Dask Summit Recap
Last week was the first Dask Developer Workshop. This brought together many of the core Dask developers and its heavy users to discuss the project. I want to share some of the experience with those who weren’t able to attend.
This was a great event. Aside from any technical discussions, it was ncie to meet all the people. From new acquaintences to people you’re on weekly calls with, it was great to interact with everyone.
The workshop
During our brief introductions, everyone included a one-phrase description of what they’d most-like to see improved in the project. These can roughly be grouped as
- Project health: more maintainers, more maintainer diversity, more commercial adoption
- Deployments: Support for heterogeneous clusters (e.g. some workers with different resources) on more cluster managers. Easier deployments for various use cases (single user vs. small team of scientists vs. enterprise IT managing things for a large team)

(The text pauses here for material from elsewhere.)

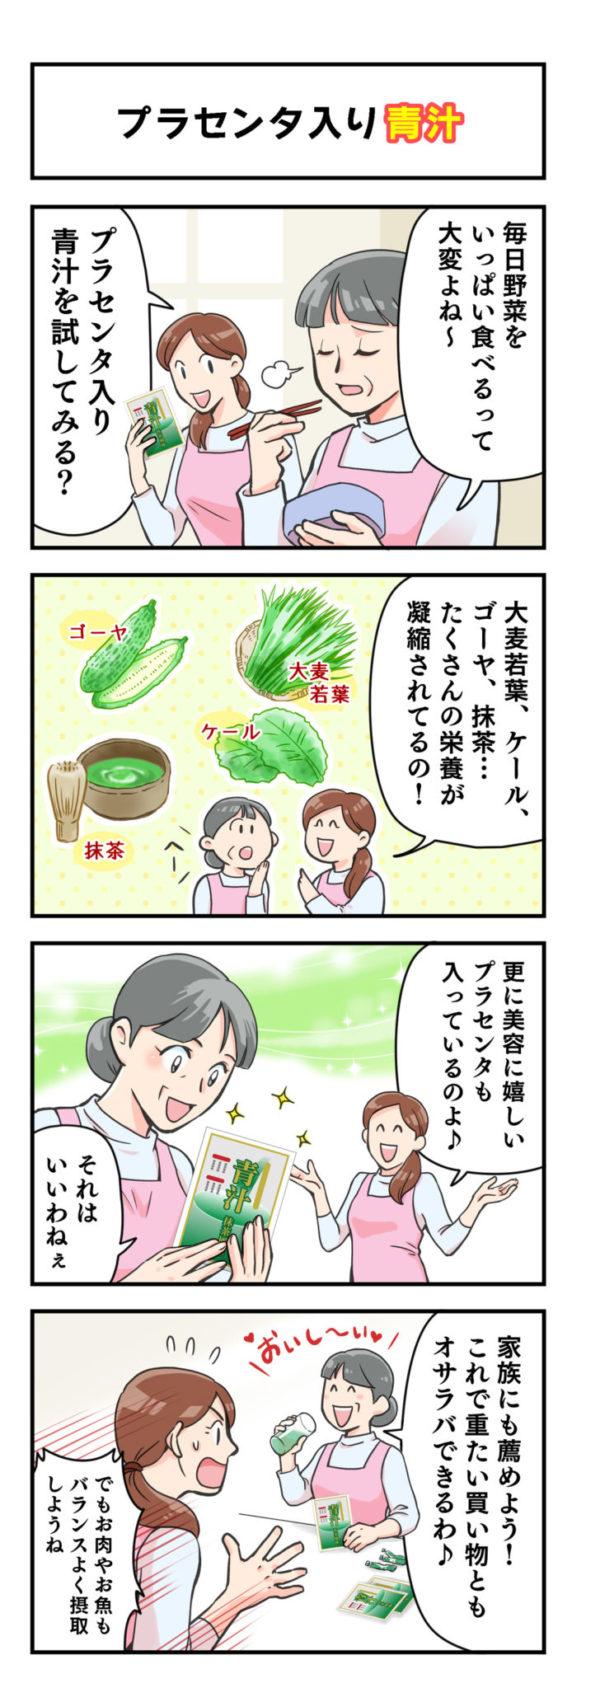 「プラセンタ入り青汁」商品紹介マンガ

- Documentation: Including example
- Data Access: Loading data from various sources
- Reliability: Especially on adaptive clusters, as workers come and go.
- Features: Including things like approximate nearest neighbors, shared clients between futures, multi-column sorting, MultiIndex for dask.dataframe
One of the themes of the workshop was requests for honest, critical feedback about what needs to improve. Overall, people had great things to say about Dask and the various sub-projects but there’s always things to improve.
Dask sits at a pretty interesting place in the scientific Python ecosystem. It (and its users) are power-users of many libraries. It acts as a nice coordination point for many projects. We had maintainers from projects like NumPy, pandas, scikit-learn, Apache Arrow, cuDF, and others.